- [WHAT THE EXERCISE ASKS]
Write out word for word each line from the one containing "GAULTIER 2 by" through the close of the listing, including both ends. Pictures do not belong in the copy.

▼

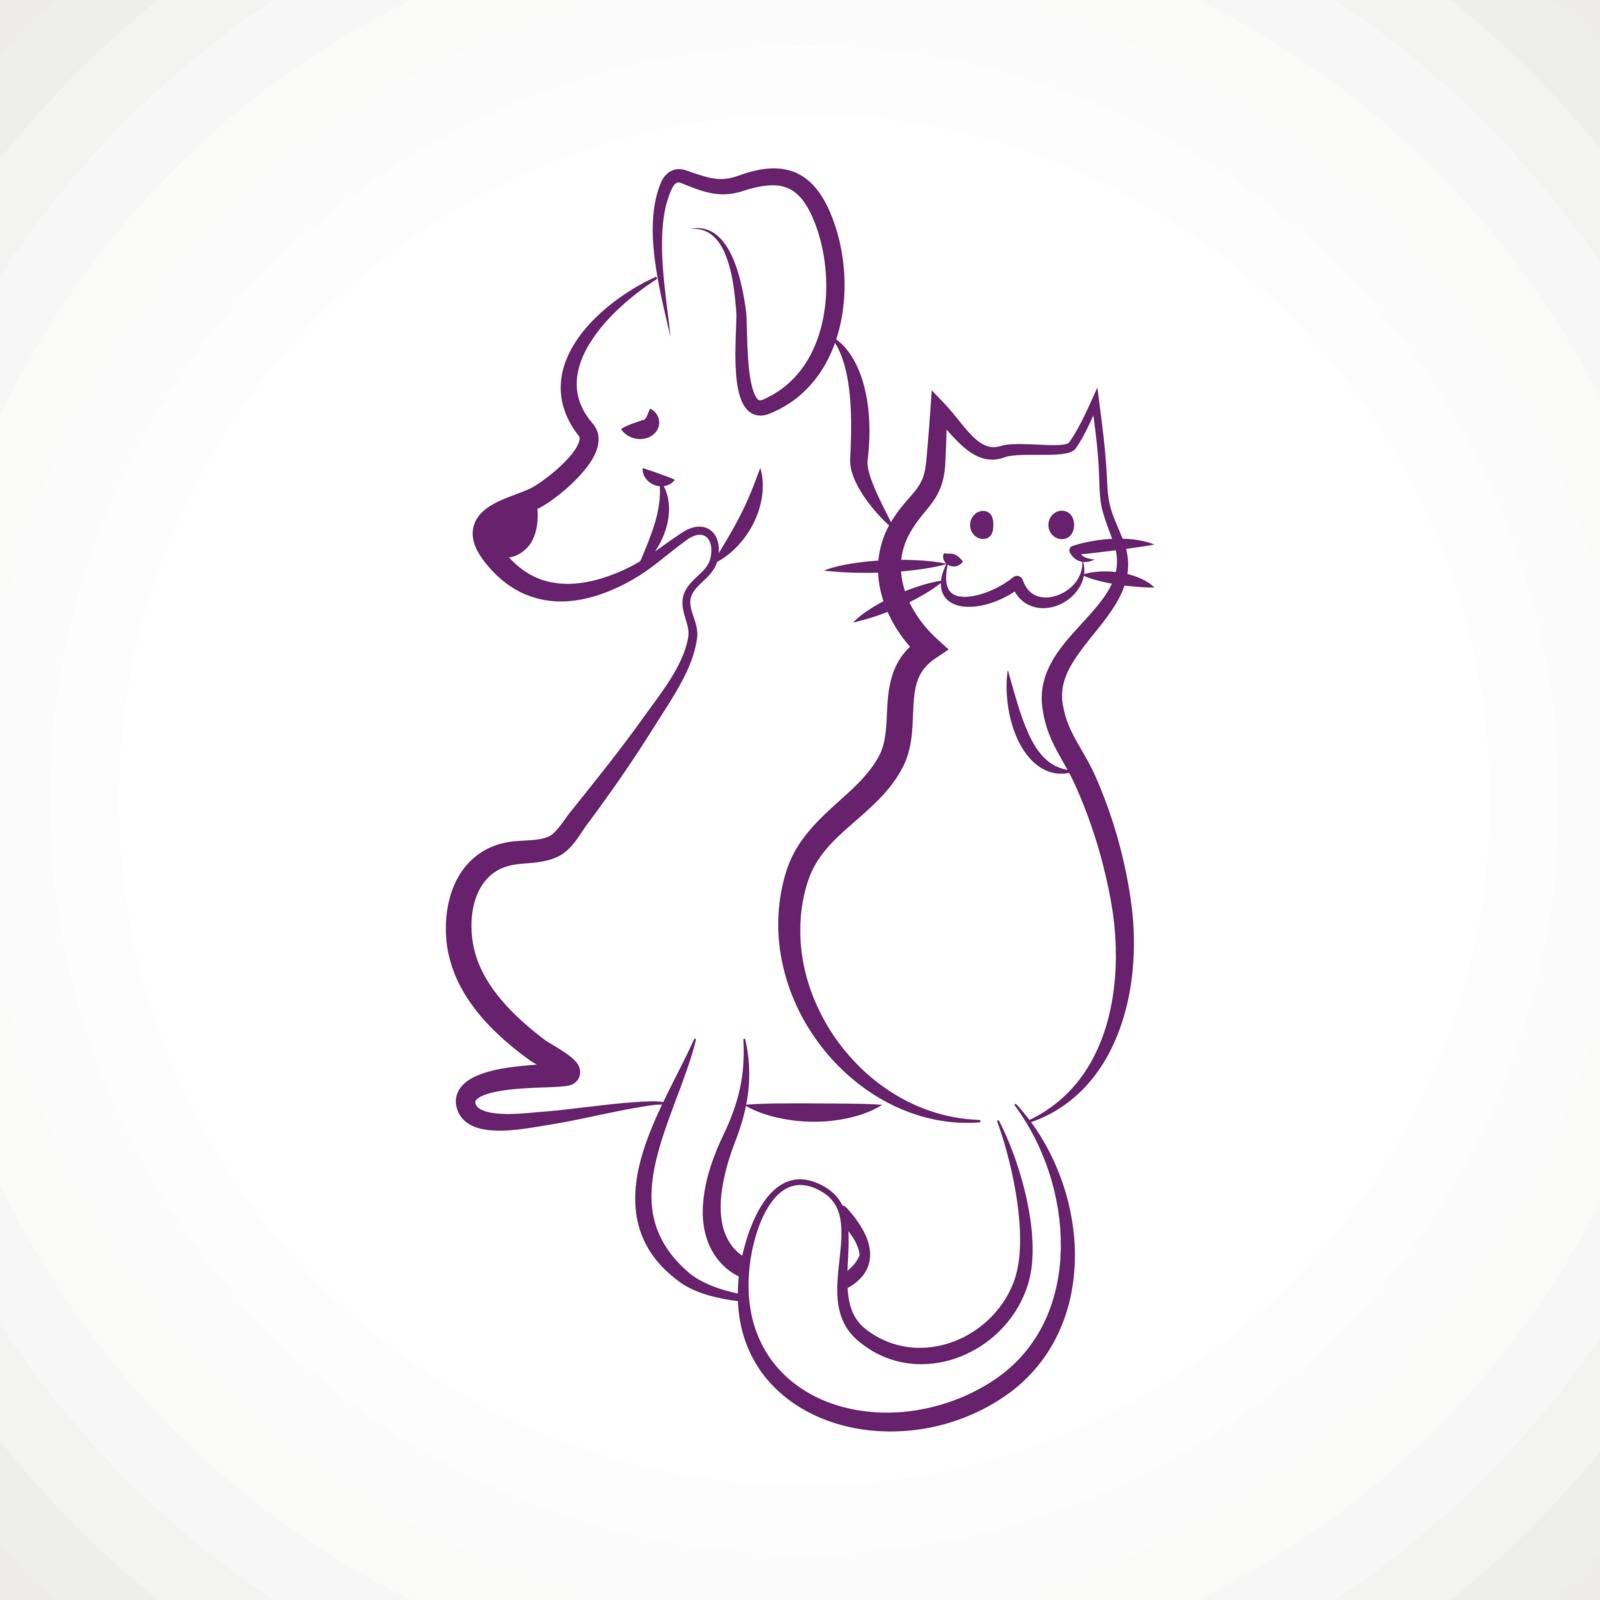 cat and dog - freehand vector illustration
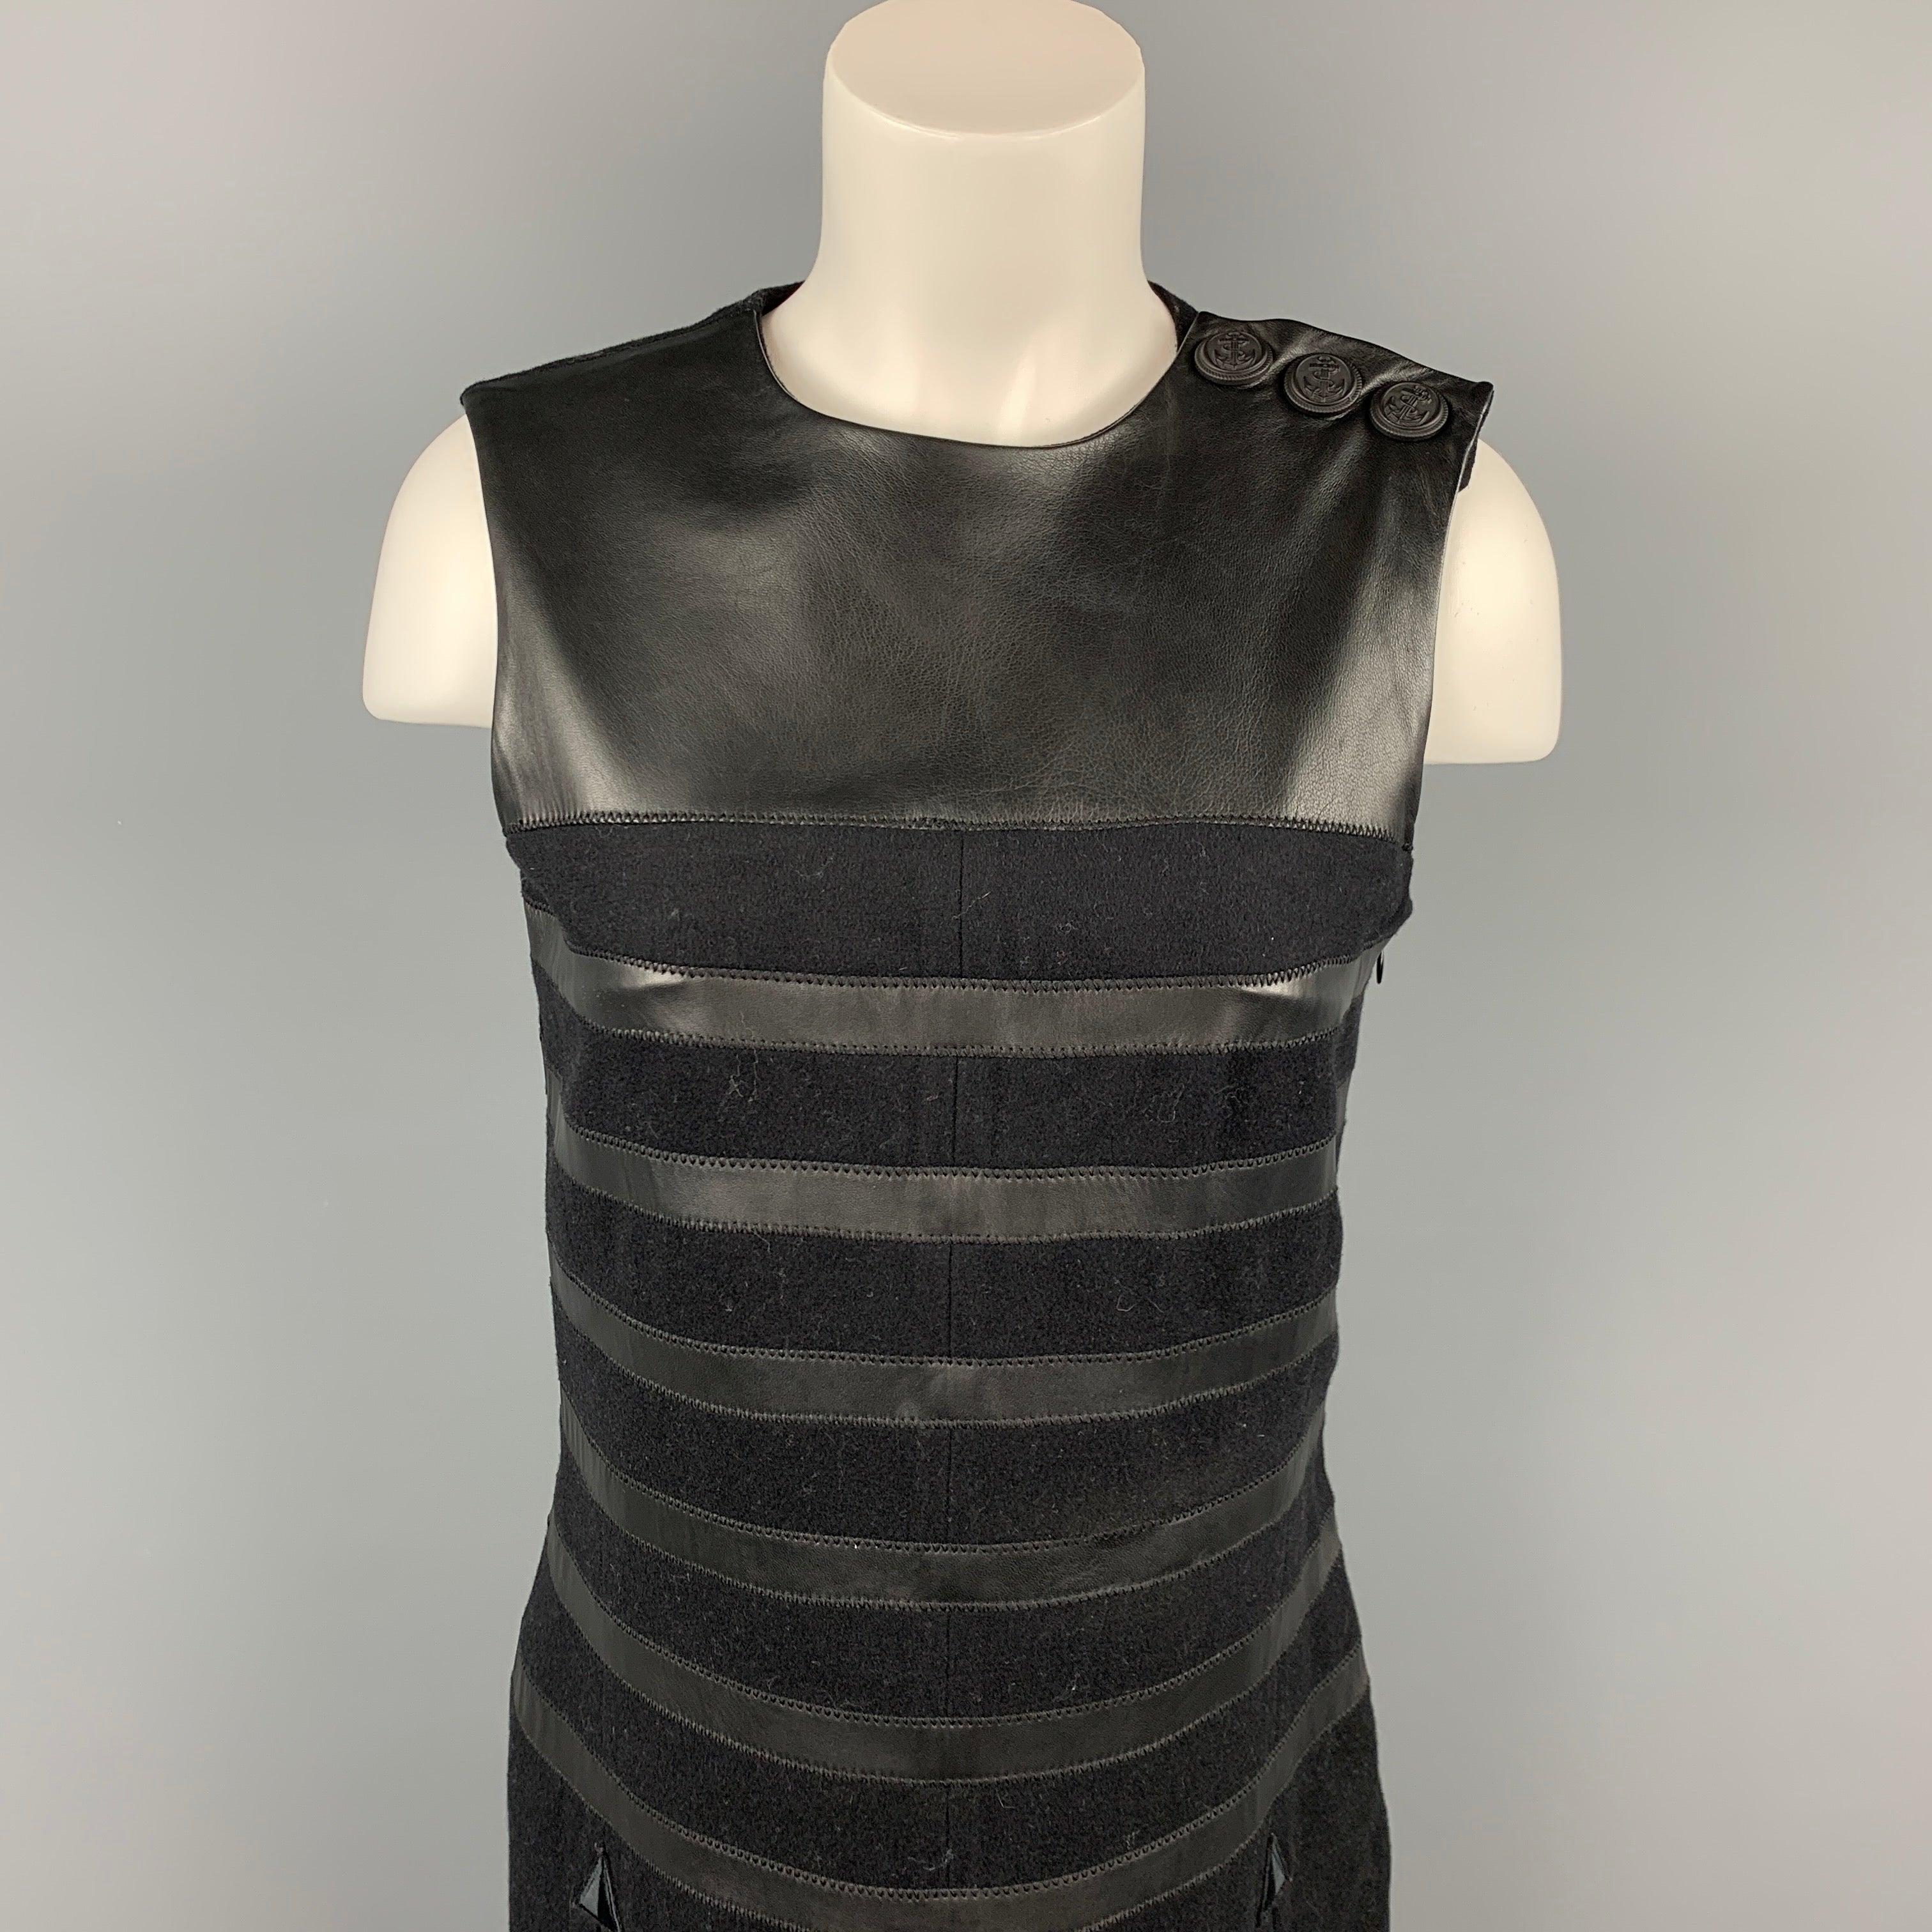 GAULTIER 2 by Jean Paul Gaultier dress comes in a black virgin wool featuring a shift style, leather trim, slit pockets, front & back slits, three detail, and a side zipper closure. Made in Italy.Very Good Pre-Owned Condition. 
 

 Marked:  I 42 / D
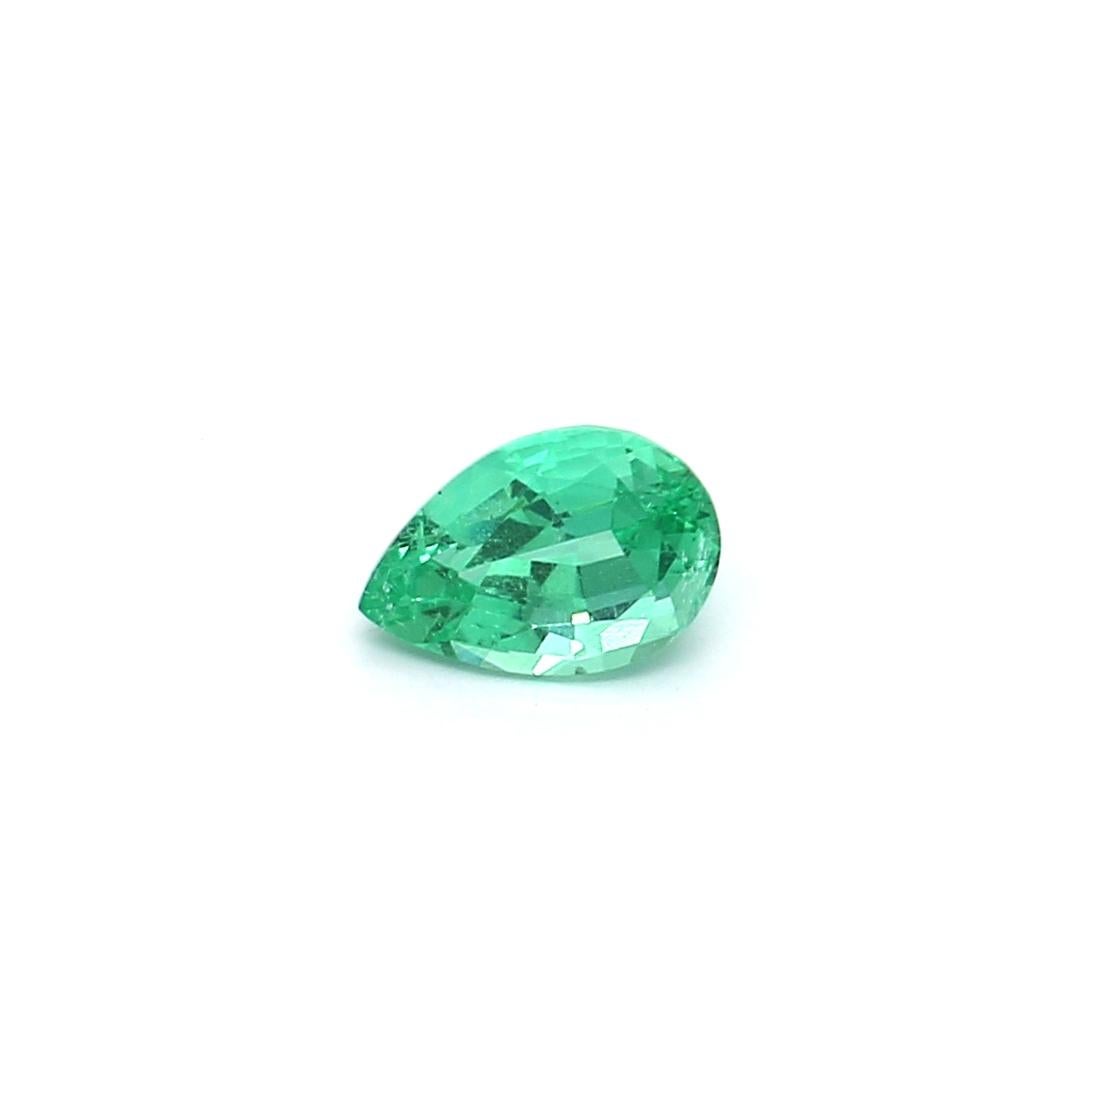 An amazing Russian Emerald which allows jewelers to create a unique piece of wearable art.
This exceptional quality gemstone would make a custom-made jewelry design. Perfect for a Ring or Pendant.

Shape - Pear-shaped
Weight - 0.51 ct
Treatment -

▲

- [OUTPUT]
 GAULTIER 2 by Jean Paul Gaultier dress comes in a black virgin wool featuring a shift style, leather trim, slit pockets, front & back slits, three detail, and a side zipper closure. Made in Italy.Very Good Pre-Owned Condition. 
 

 Marked:  I 42 / D
 An amazing Russian Emerald which allows jewelers to create a unique piece of wearable art.
This exceptional quality gemstone would make a custom-made jewelry design. Perfect for a Ring or Pendant.

Shape - Pear-shaped
Weight - 0.51 ct
Treatment -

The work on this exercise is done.